Giter VIP home page Giter VIP logo

self-operating-computer's Introduction

Self-Operating Computer Framework

A framework to enable multimodal models to operate a computer.

Using the same inputs and outputs of a human operator, the model views the screen and decides on a series of mouse and keyboard actions to reach an objective.

Key Features

  • Compatibility: Designed for various multimodal models.
  • Integration: Currently integrated with GPT-4v as the default model.
  • Future Plans: Support for additional models.

Current Challenges

Note: GPT-4V's error rate in estimating XY mouse click locations is currently quite high. This framework aims to track the progress of multimodal models over time, aspiring to achieve human-level performance in computer operation.

Ongoing Development

At HyperwriteAI, we are developing Agent-1-Vision a multimodal model with more accurate click location predictions.

Agent-1-Vision Model API Access

We will soon be offering API access to our Agent-1-Vision model.

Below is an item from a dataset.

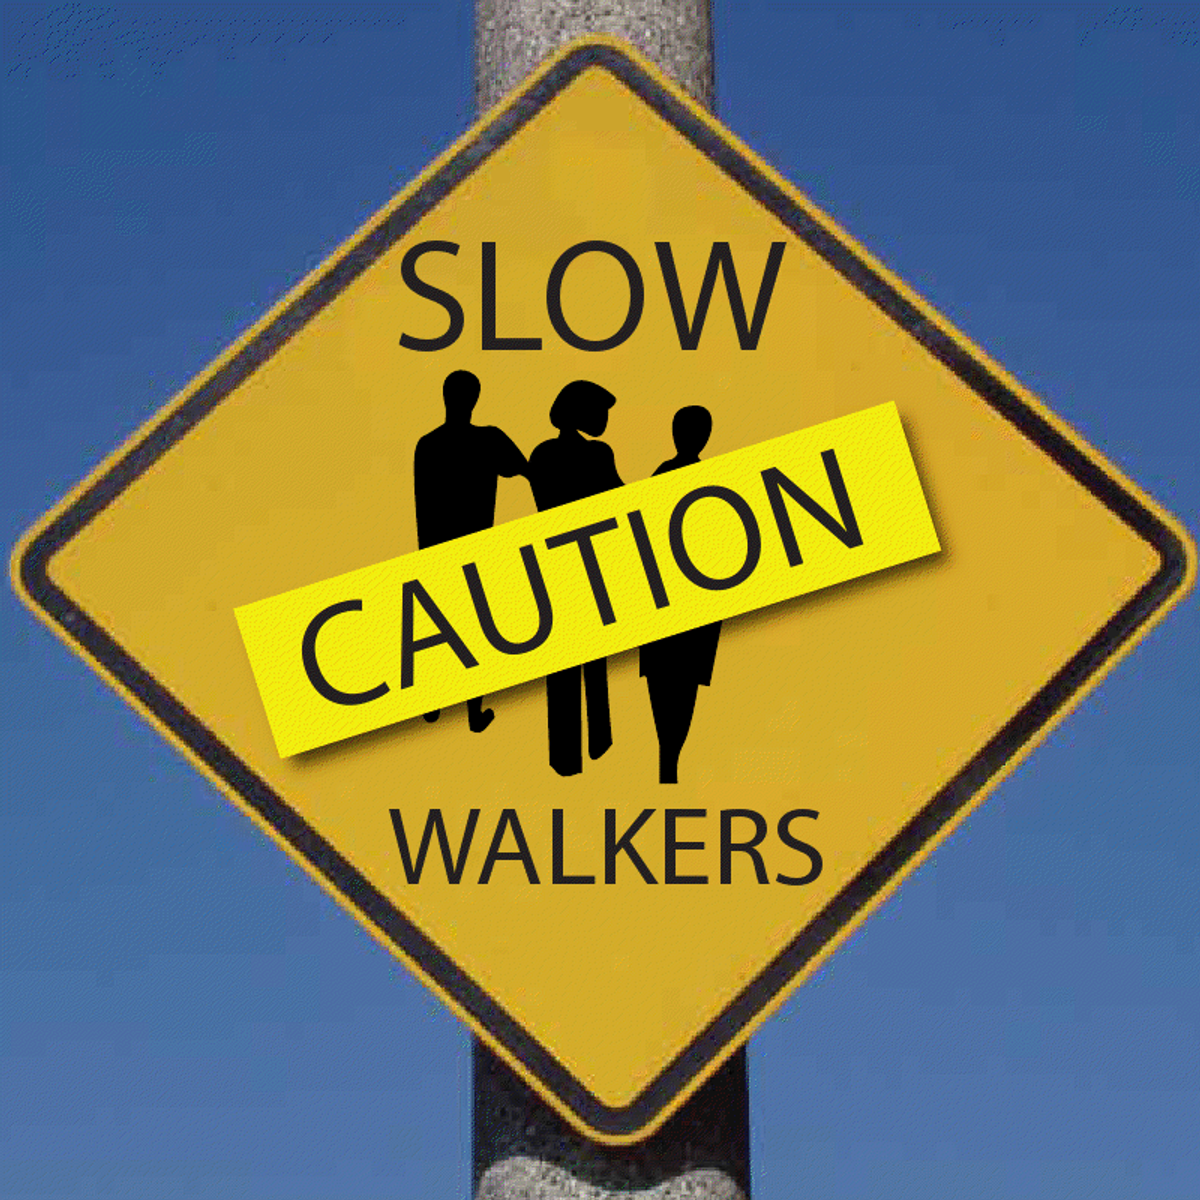 Dear People Who Walk Slow
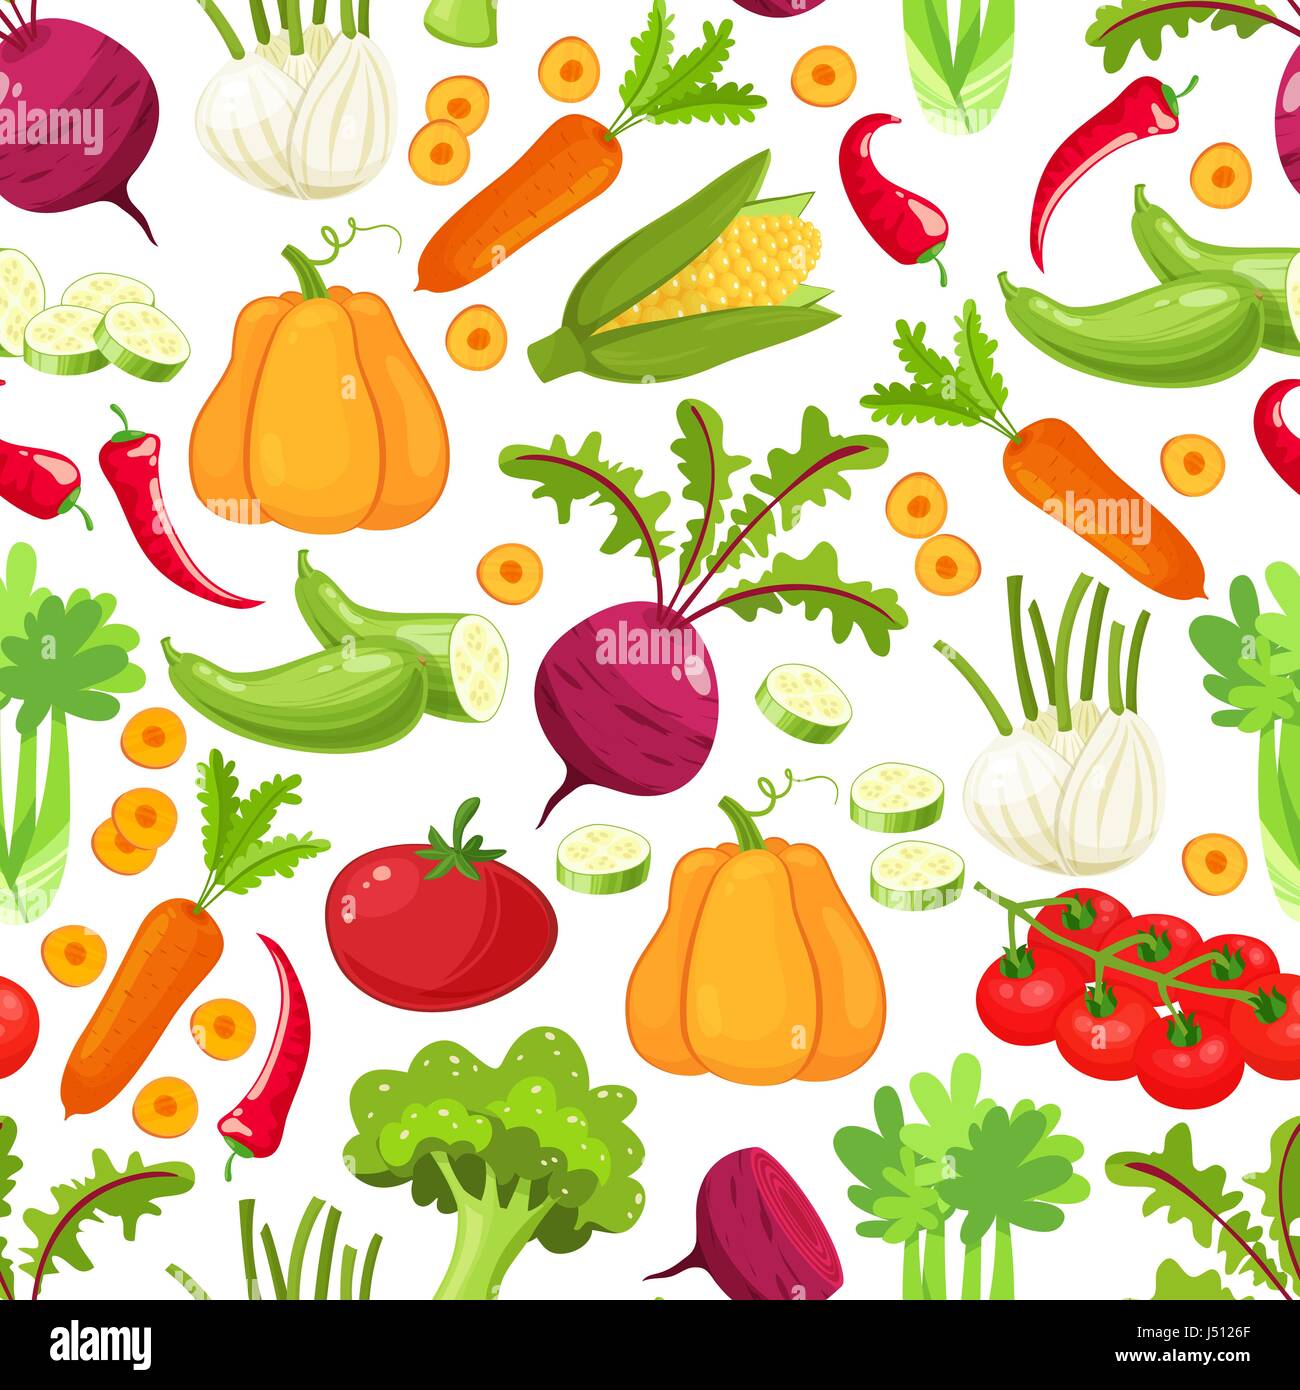 Las verduras crudas con rodajas de pimiento ajo berenjena calabacín champiñones cebolla tomate pepino ilustración vectorial.patrón sin fisuras sobre un fondo blanco , verduras ilustraciones Ilustración del Vector

If you're interested in gaining access to this API, sign up here.

Additional Thoughts

We recognize that some operating system functions may be more efficiently executed with hotkeys such as entering the Browser Address bar using command + L rather than by simulating a mouse click at the correct XY location. We plan to make these improvements over time. However, it's important to note that many actions require the accurate selection of visual elements on the screen, necessitating precise XY mouse click locations. A primary focus of this project is to refine the accuracy of determining these click locations. We believe this is essential for achieving a fully self-operating computer in the current technological landscape.

Demo

final-low.mp4

Quick Start Instructions

Below are instructions to set up the Self-Operating Computer Framework locally on your computer.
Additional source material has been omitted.